The Russian mortality crisis of the early 1990s attracted considerable attention, but information on possible covariates of mortality is lacking, and concerns have been raised about the validity of official mortality data. To help elucidate the determinants of mortality, we examined whether indirect demographic techniques could be used to study mortality in countries such as the Russian Federation, where mortality data are inadequate, using input data independent from official vital statistics.


A national sample of the population was interviewed (n = 1600, response rate = 67%). Participants who had ever been married (82% of the sample) were asked about the date of birth and vital status of their first spouse. Spousal mortality was then estimated indirectly for the 531 men and 710 women for whom valid data were available.
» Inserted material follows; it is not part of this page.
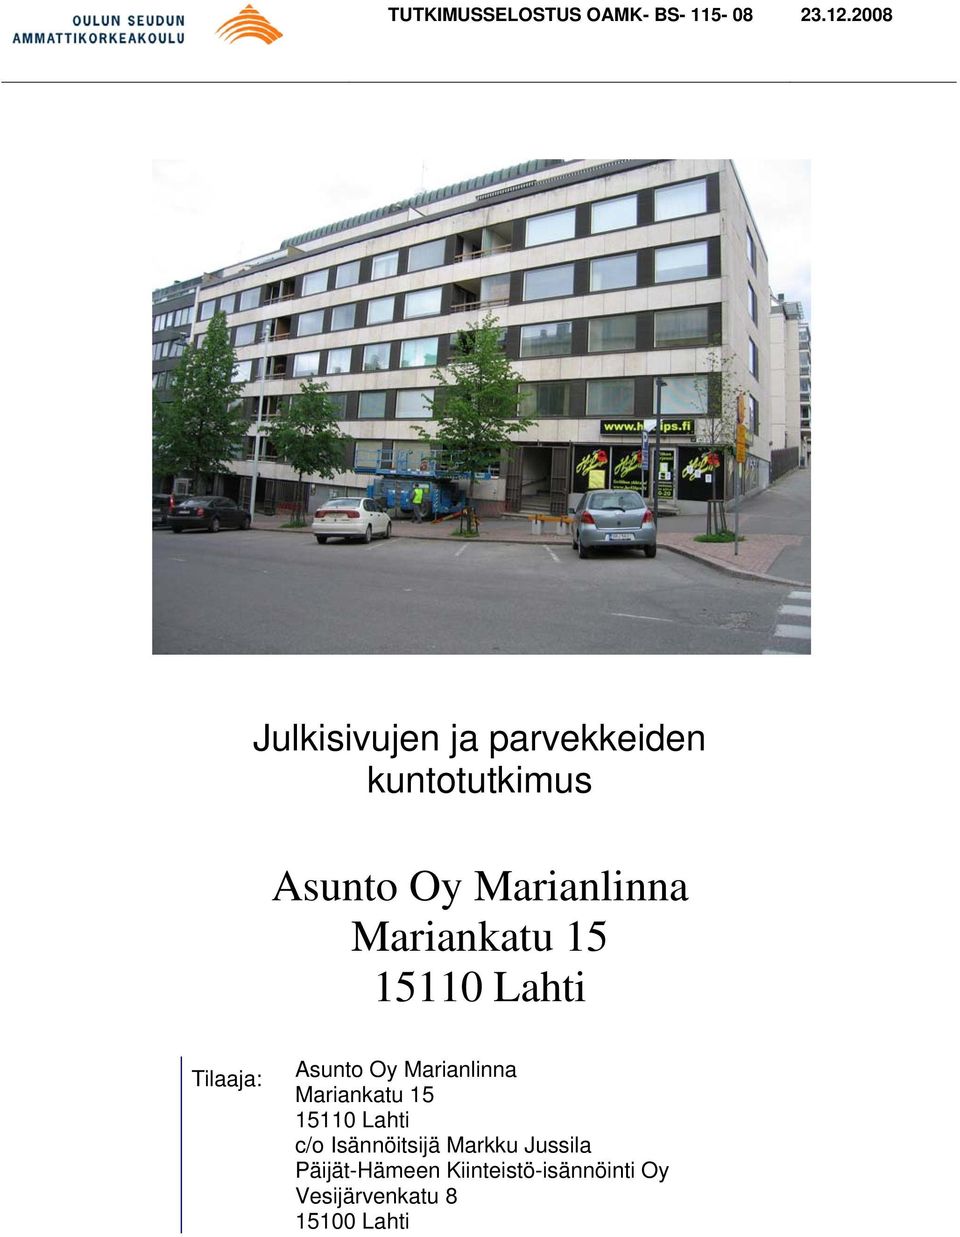 Marianlinna Mariankatu 15 15110 Lahti Tilaaja: Asunto Oy

The estimated risk of death between the ages of 35-69 years was 57% for male spouses and 17% for female spouses. Corresponding figures derived from national data for 1990 were 52% and 25% for the Russian Federation, and 31% and 20% for the United Kingdom. According to spouses' reports, 38% of their husbands died from cardiovascular disease, 22% from cancer, and 14% from injuries and accidents. Mortality of male spouses was inversely related to the education level of their wives, and the age-adjusted hazard ratios for death from all causes, compared to primary education, were 0.77 for secondary education and 0.57 for university education (trend P = 0.03). Mortality was also inversely related to ownership of household items, but not to size of settlement, pride in Russia, membership in the Soviet Communist Party, nationality or self-assessed social status.


Although the indirect estimates were imprecise (partly owing to the small population size of the study), and mortality in women was probably underestimated (owing to many factors, including poorer reporting by males and high male mortality), our results are nevertheless consistent with the mortality pattern observed in official mortality data. The indirect technique thus appears to be a useful tool to study the determinants of mortality in the Russian Federation and other populations, where reliable or sufficiently extensive data are not available.